**Assigned task:**
Within the records below is a range that opens at the line with "Armorial généalogique et" and closes at the line with "Retrouvez les événement". Return that range word for word, both ends included, and only that range.

**The data:**
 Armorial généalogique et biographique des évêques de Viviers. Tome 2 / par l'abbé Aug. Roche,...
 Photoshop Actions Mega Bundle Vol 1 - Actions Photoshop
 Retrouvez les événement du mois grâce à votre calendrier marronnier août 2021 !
--
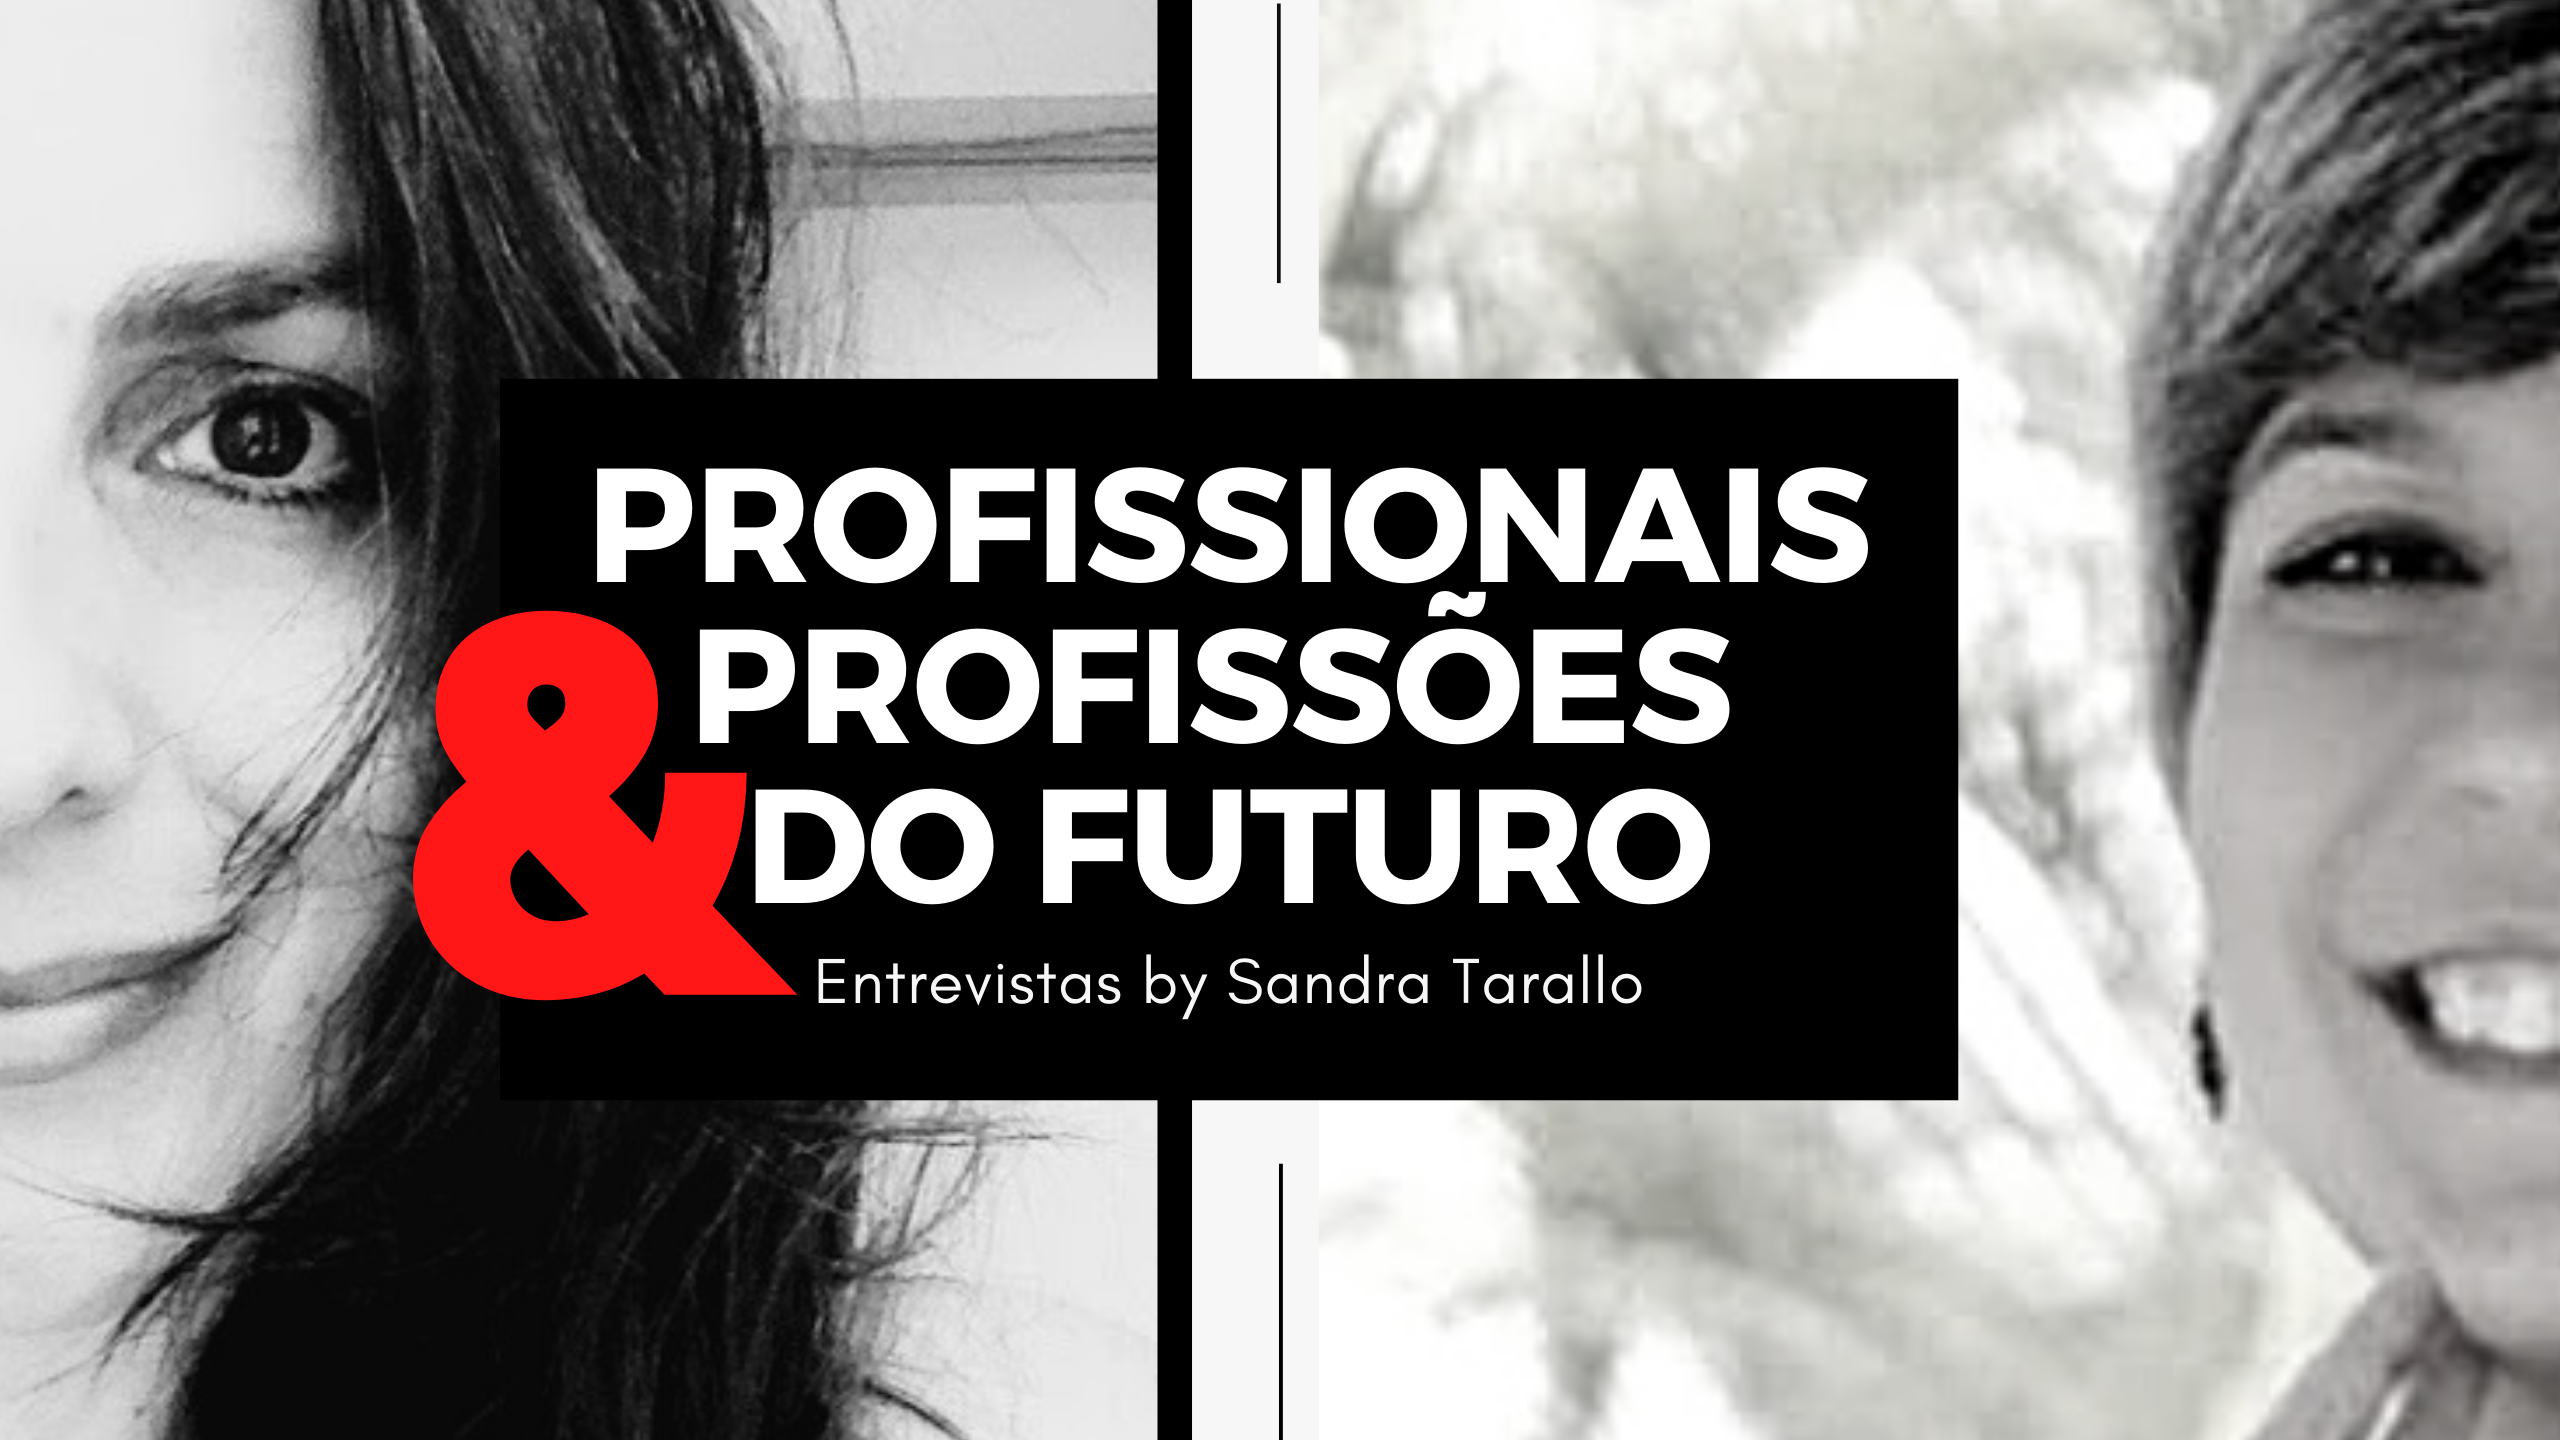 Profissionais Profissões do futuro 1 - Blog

**Solved exercise:**
 Armorial généalogique et biographique des évêques de Viviers. Tome 2 / par l'abbé Aug. Roche,...
 Photoshop Actions Mega Bundle Vol 1 - Actions Photoshop
 Retrouvez les événement du mois grâce à votre calendrier marronnier août 2021 !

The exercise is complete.